Hostage diplomacy: China's key tool to pressure rivals escalates war risk
Aug 15, 2021
Tokyo [Japan], August 15 : China has been exercising hostage diplomacy for a long time to pressure its rivals and superpowers in an attempt to get some leverages for Beijing's benefits but now these communist attempts escalate chances of war, a media report said on Saturday.
Last week, Beijing announced an 11-year sentence for Canadian Michael Spavor and upheld the death sentence of Canadian Robert Schellenberg. Beijing's step was criticised worldwide as the move and its timing was purported to pressure Ottawa to release the Huawei Technologies executive Meng Wanzhou who is awaiting a Canadian court ruling on her extradition to the US, Nikkei Asia reported.
She faces charges of misleading HSBC over the nature of Huawei's ties to its Iranian subsidiary Skycom, causing the bank to unwittingly violate US sanctions on Iran.
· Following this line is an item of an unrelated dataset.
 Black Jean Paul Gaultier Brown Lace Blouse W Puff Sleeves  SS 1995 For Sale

China's attempt to interfere in the legal proceedings of other countries through hostage diplomacy is counterproductive for Beijing's long-term security interests as it increases the chance of accidental conflict with China, writer Stephen Nagy said in Nikkei Asia's opinion piece.
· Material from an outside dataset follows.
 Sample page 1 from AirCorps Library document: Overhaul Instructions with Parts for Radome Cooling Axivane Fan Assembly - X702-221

Now, even the close allies of the US believe that they are vulnerable to China's arbitrary detainment and coercion.
Beijing has been bullying its immediate neighbors from Japan to Singapore, South Korea to Taiwan and Australia through its power and financial strength and China coerce them as they pursue their national interests, Nagy added.
Beijing's recent hostage diplomacy actions have threatened the scholars and researchers to visit the country for their research purpose as they fear arbitrary detainment by China due to country-based rivalry. Now, China is facing the wrong effects of its hostage diplomacy as those experts who can contribute to developing China are staying away from the country and giving their precious work to other nations.
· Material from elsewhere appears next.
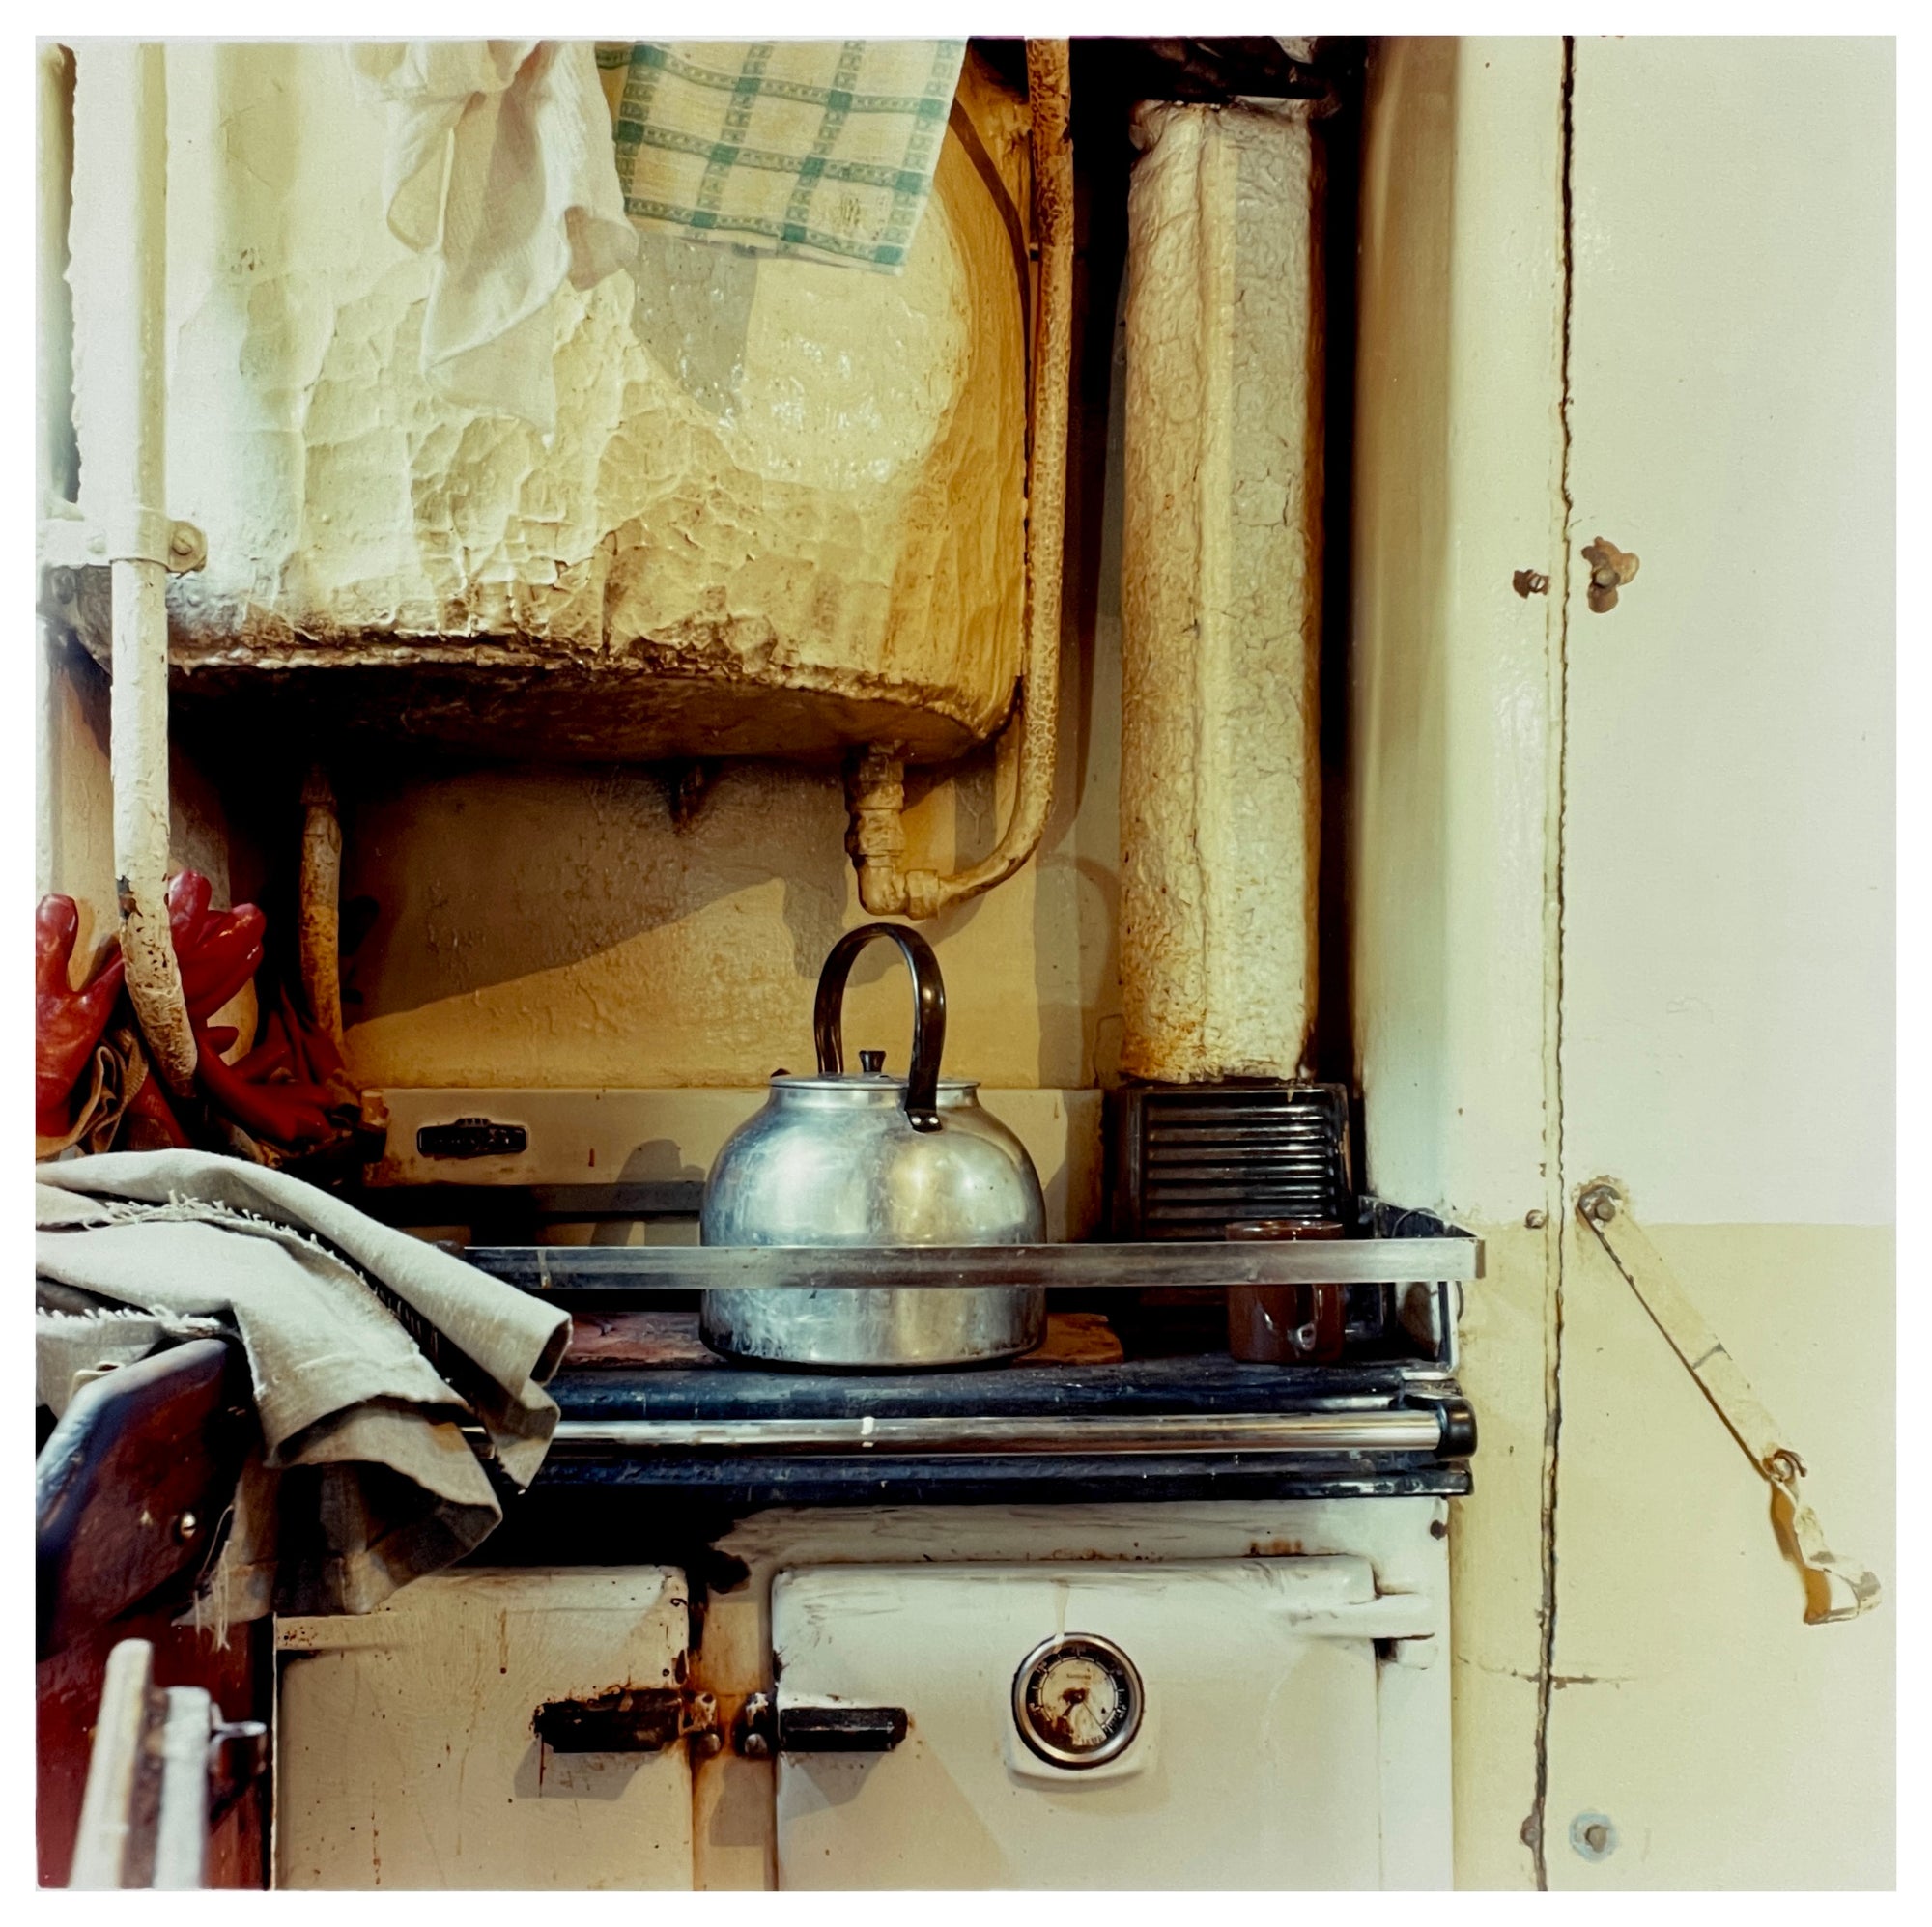 Photograph by Richard Heeps.  A well worn aga provides a home for a big steel kettle.  Above, is an old boiler.

Beijing is following Italian diplomat Niccolo Machiavelli's notion that it's is better to be feared than loved.
Nagy said that this approach to foreign policy, exemplified by the detention of Canadians Kovrig, Spavor and Shellenberg, and the bullying of Australia, South Korea and Japan during their spats with Beijing, has not won China friends or allayed the concerns of its neighbors. Quite the opposite in fact, with a recent Pew Research Center survey showing China's favorability ratings falling to record lows.